A two-step LHS usually consists of a kind of energy donor and two kinds of energy acceptors, the relay acceptor (first acceptor) and the final acceptor (second acceptor). The donor chromophores act as a light-harvesting antenna, capturing the excitation energy and transferring it to the final acceptor via the relay acceptor. These donor and acceptor dyes should be co-assembled in close proximity within special supramolecular scaffolds, allowing efficient Förster resonance energy transfer (FRET) between them. The sequential energy transfer results in larger Stokes shifts and a broad emission color regulation. To achieve highly efficient light harvesting process, aggregation-induced emission (AIE) [11-15] fluorophores are often used as energy donors owing to their outstanding photophysical properties in the assembled state [16]. Energy-acceptor dyes with matched absorption and emission wavelength are preferrably selected. It means that the emission spectrum of the donor and the absorption band of the relay acceptor, as well as the emission spectrum of the relay acceptor and the absorption band of the final acceptor should have considerable overlapping areas. Fig. 1 shows the absorption and emission maxima of the most common acceptors used for constructing sequential LHSs.

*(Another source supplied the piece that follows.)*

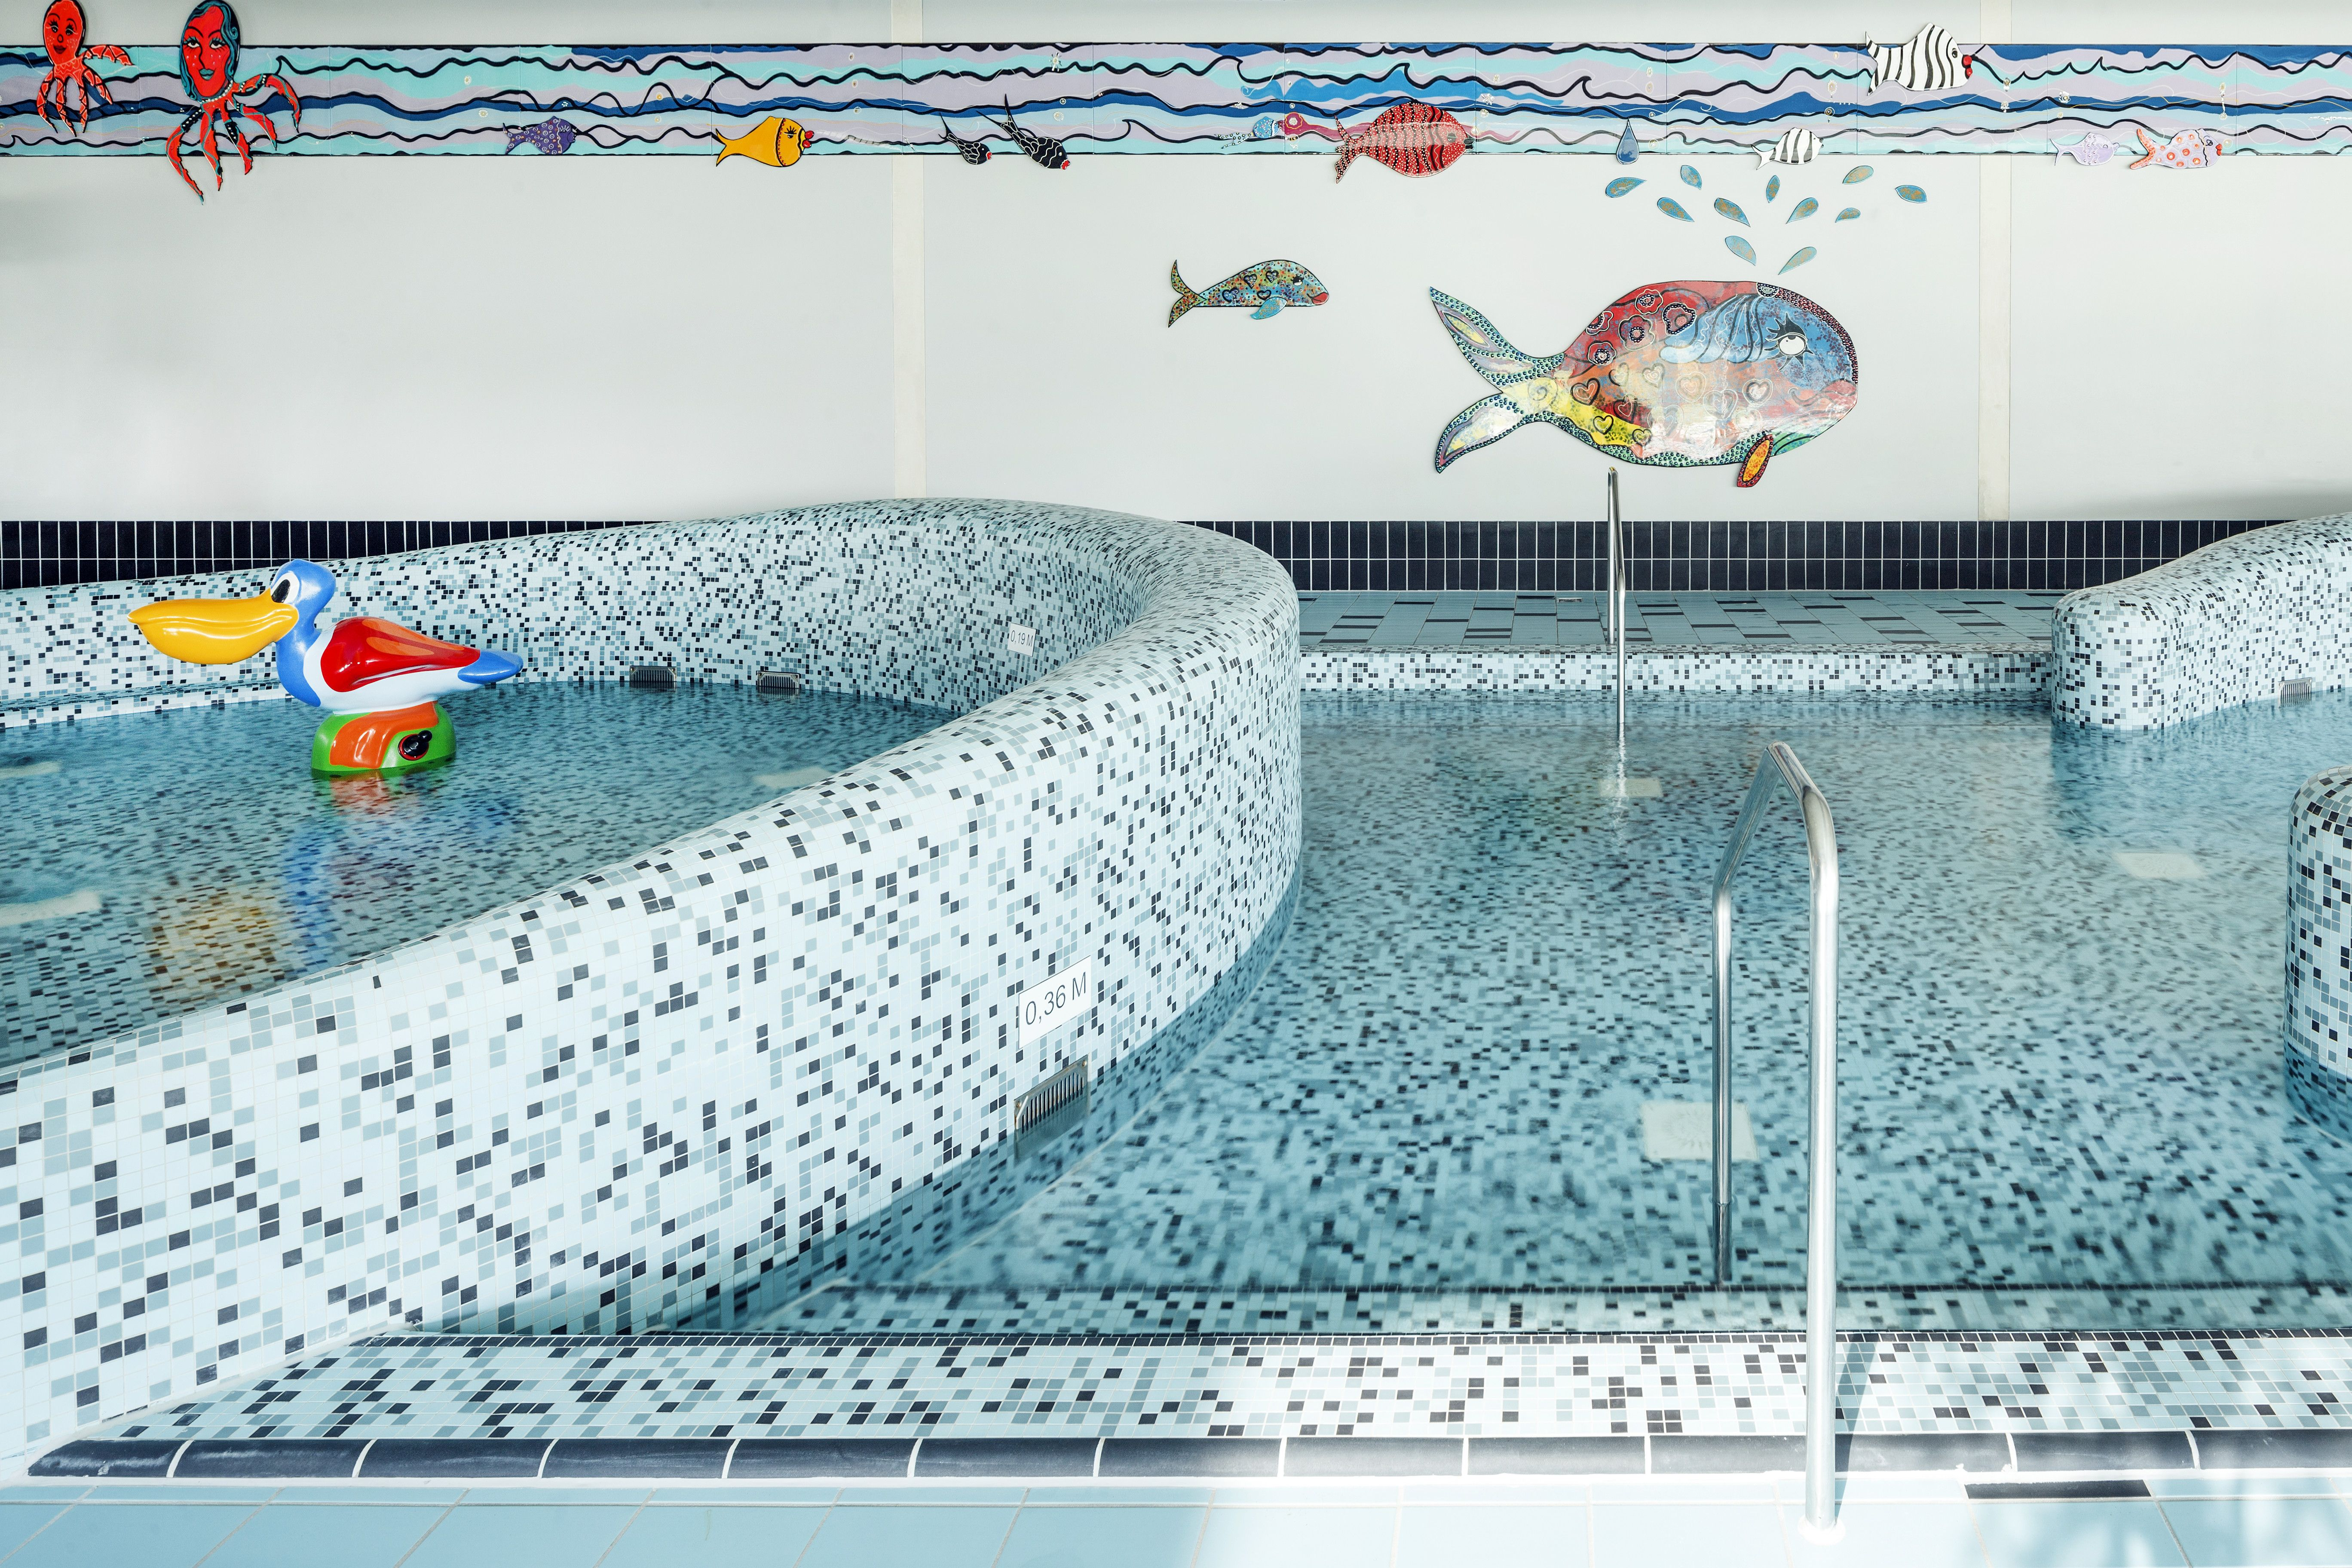 Kinderbad Zwembad Olympia Waalwijk Projecten Olympia Zwembad

The supramolecular scaffolds can be driven by different kinds of non-covalent interactions, such as multiple hydrogen bonding, π-π interaction, host-guest interaction, metal coordination, and hydrophobic interaction. As a result, various scaffolds have been created to accommodate the donors and acceptors, including host-guest nanoparticles, metallacycles/stacks, biomacromolecules and supramolecular polymers. In this mini-review, we will summarize these elegant supramolecular LHSs with two-step sequential energy transfer that reported in the last three years.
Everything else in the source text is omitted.